Ephesians 1:1-14
6th Sunday after Trinity
St Barbara’s 12.7.15

Rev Tulo Raistrick

If you are anything like me, life can tend to pull us down. We can become worried, anxious. We can feel overwhelmed by how much there is to do, and how little time there is to do it. We may wonder how we will pay the next bill; or how we will cope if our health begins to fail. There are times when living joyful, positive lives can be a challenge.

So, this passage that Paul writes, can act as the perfect tonic for such times. It is one of the most extraordinary and uplifting passages that I can find in Scripture.

Paul is just bubbling over with delight and joy, and none of the things he is so delighted in are connected to his context. We have no idea whether the sun was shining, or whether he had just had a great meal, or whether his local football team had just won the Asia Minor Cup.

The things he gives thanks for are on an all together different scale, and ones that we too can share in. His language just overflows with thanks and praise:

“Praise be to the God and father of our lord Jesus Christ…

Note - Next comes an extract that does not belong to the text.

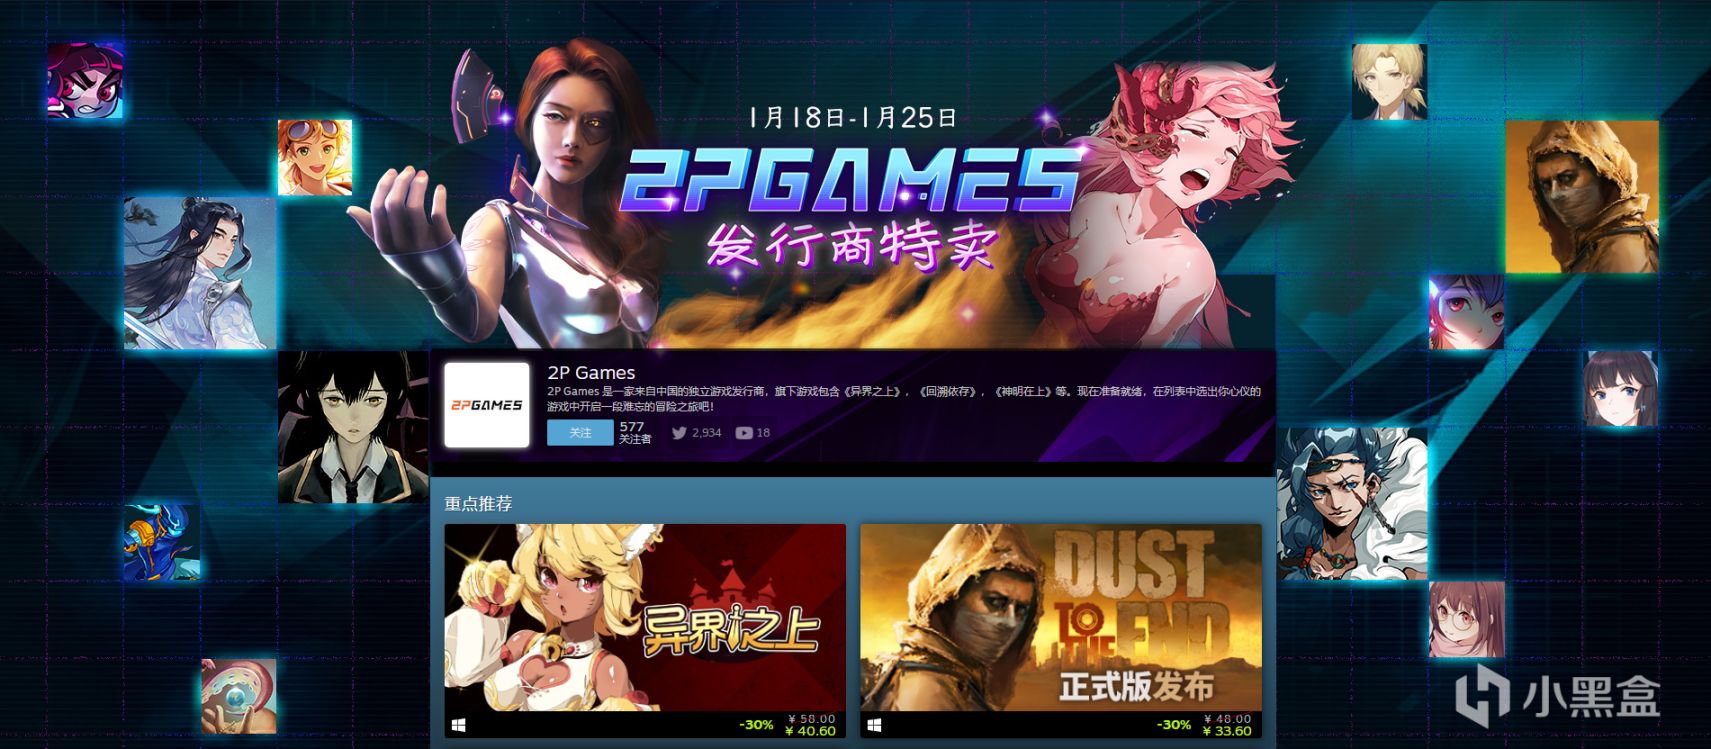 【PC游戏】2P Games发行商特卖火热进行中 超值折扣低至-70%

… in accordance with God’s pleasure and will

… to the praise of his glorious grace

… according to his good pleasure

… that we might be for the praise of his glory

… (and again, at the end) to the praise of his glory”

 

Paul is full of praise and delight, joy and wonder.

And he sees God as being the same. This is not some picture of a God who is austere and removed, a rather stern and scary head-teacher. This is a God who delights in our praise, a God who takes pleasure in the lives we offer him. There is joy here.

And yet, sometimes, our faith may feel fragile, our hope wobbly, our love insufficient. We know in our heads we should be joyful, but its not easy. We may feel insecure. Are we sure God really has called us? Hasn’t he made some mistake?

When I was a child and we were playing football in the playground, at the beginning of a match we would line up and wait to be picked by one of the captains on either side. It was always a horrible wait. How long would it take to be chosen? Would I be the last? Indeed, would either side want me?

To be told – “I was always going to pick you. You are my star player. Before I even got out to break I had already pencilled you in my team” – were just words of such confidence and delight.

It is true for us too with God. We are not an afterthought in the mind of God. “Oh… I guess you will have to do. You’re not my first choice, but there you go…” Indeed, we are the exact opposite.

God has chosen us before the creation of the world itself to live for him, to love him, to praise him.

Before we had done anything to show that we deserved his love; before we were even born; before indeed anyone or anything had come into being, God had chosen us!

Before the beginning of the world he had chosen us to be in relationship with him, to know him and to love him. And every act of his since then has been with that in mind. He has “predestined us” to be adopted as his children, to be welcomed into his family.

We are part of the purposes, the plans of God. It is not down to chance that we know God, that we experience his love.

We can be joyful. We can be confident. And we can be blessed.

As the old Sunday School song goes: “Count your blessings one by one and you will be amazed at what the Lord has done.”

Paul begins to count his blessings here:

  • we have been blessed in the heavenly realms with every spiritual blessing
  • we have been chosen by God
  • we have been adopted into his family
  • we have received his glorious grace
  • we have freedom, life, because of his sacrifice for us
  • we have the forgiveness of sins – no longer do we need to carry the burden of guilt and regret around with us
  • we know what the purpose of life is (that great question that has eluded philosophers of all ages) – to bring all things together to worship Christ
  • we have received the gift of his holy spirit.

Whatever our circumstances. Whatever our mood. Read these words of Paul again and you’ll be amazed at what the Lord has done.